Prothrombin gene G20210A mutation in acute deep venous thrombosis patients with poor response to warfarin therapy.

作者信息

Attia F M, Mikhailidis D P, Reffat S A

机构信息

Department of Clinical Pathology, Faculty of Medicine, Suez Canal University, Ismailia, Egypt.

出版信息

Open Cardiovasc Med J. 2009 Oct 21;3:147-51. doi: 10.2174/1874192400903010147.
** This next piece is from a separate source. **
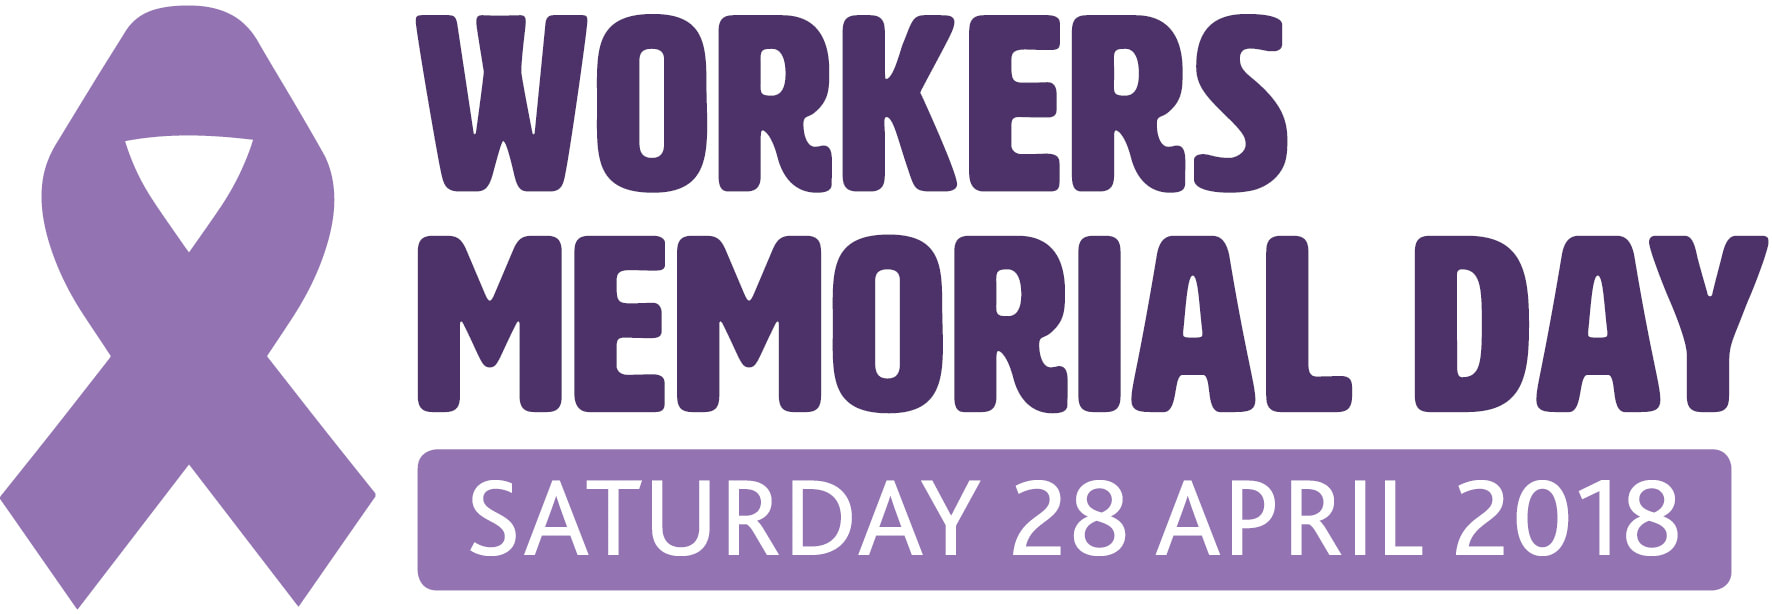 Corby Workers Memorial Day Commemoration Event 2018

DOI:10.2174/1874192400903010147
PMID:19920886
原文链接:https://pmc.ncbi.nlm.nih.gov/articles/PMC2778014/
Abstract

AIM

The pathogenesis of deep venous thrombosis (DVT) involves an interaction between hereditary and acquired factors. Prothrombin gene mutation is one of the hereditary risk factors. We evaluated the frequency of the prothrombin gene mutation in patients with DVT and its relation to oral warfarin anticoagulant therapy response.

METHODS

Prothrombin gene mutation was looked for in 40 DVT patients with poor response to warfarin. The results were compared with 40 DVT patients with a normal response to warfarin and 30 healthy blood donors. Blood samples were also assessed for protein C, protein S, anti-thrombin III and anticardiolipin antibodies (ACA) levels.

RESULTS

Prothrombin gene mutation was found in normal and poor DVT responders (6/40 and 13/40, respectively; p = NS) as well as in healthy controls (1/30). Patients with recurrent DVT or a family history of DVT were significantly (p<0.0001) more likely to have the prothrombin mutation than other DVT patients. Non prothrombin abnormalities (protein C, anti-thrombin III and ACA) were more common in poor responders than controls (p<0.0037) as were ACA (p<0.034).

CONCLUSIONS

Prothrombin gene mutation is present in several DVT patients, especially those with recurrent DVT or a family history of DVT. This mutation may contribute to a poor response to warfarin.

摘要

目的

深静脉血栓形成(DVT)的发病机制涉及遗传因素与后天因素之间的相互作用。凝血酶原基因突变是遗传危险因素之一。我们评估了DVT患者中凝血酶原基因突变的频率及其与口服华法林抗凝治疗反应的关系。

方法

在40例对华法林反应不佳的DVT患者中寻找凝血酶原基因突变。将结果与40例对华法林反应正常的DVT患者和30名健康献血者进行比较。还对血样进行了蛋白C、蛋白S、抗凝血酶III和抗心磷脂抗体(ACA)水平的评估。

结果

在对华法林反应正常和不佳的DVT患者中均发现了凝血酶原基因突变(分别为6/40和13/40;p =无显著性差异),在健康对照者中也有发现(1/30)。与其他DVT患者相比,复发性DVT患者或有DVT家族史的患者发生凝血酶原突变的可能性显著更高(p<0.0001)。非凝血酶原异常(蛋白C、抗凝血酶III和ACA)在反应不佳者中比对照组更常见(p<0.0037),ACA也是如此(p<0.034)。

结论

凝血酶原基因突变存在于一些DVT患者中,尤其是那些有复发性DVT或DVT家族史的患者。这种突变可能导致对华法林反应不佳。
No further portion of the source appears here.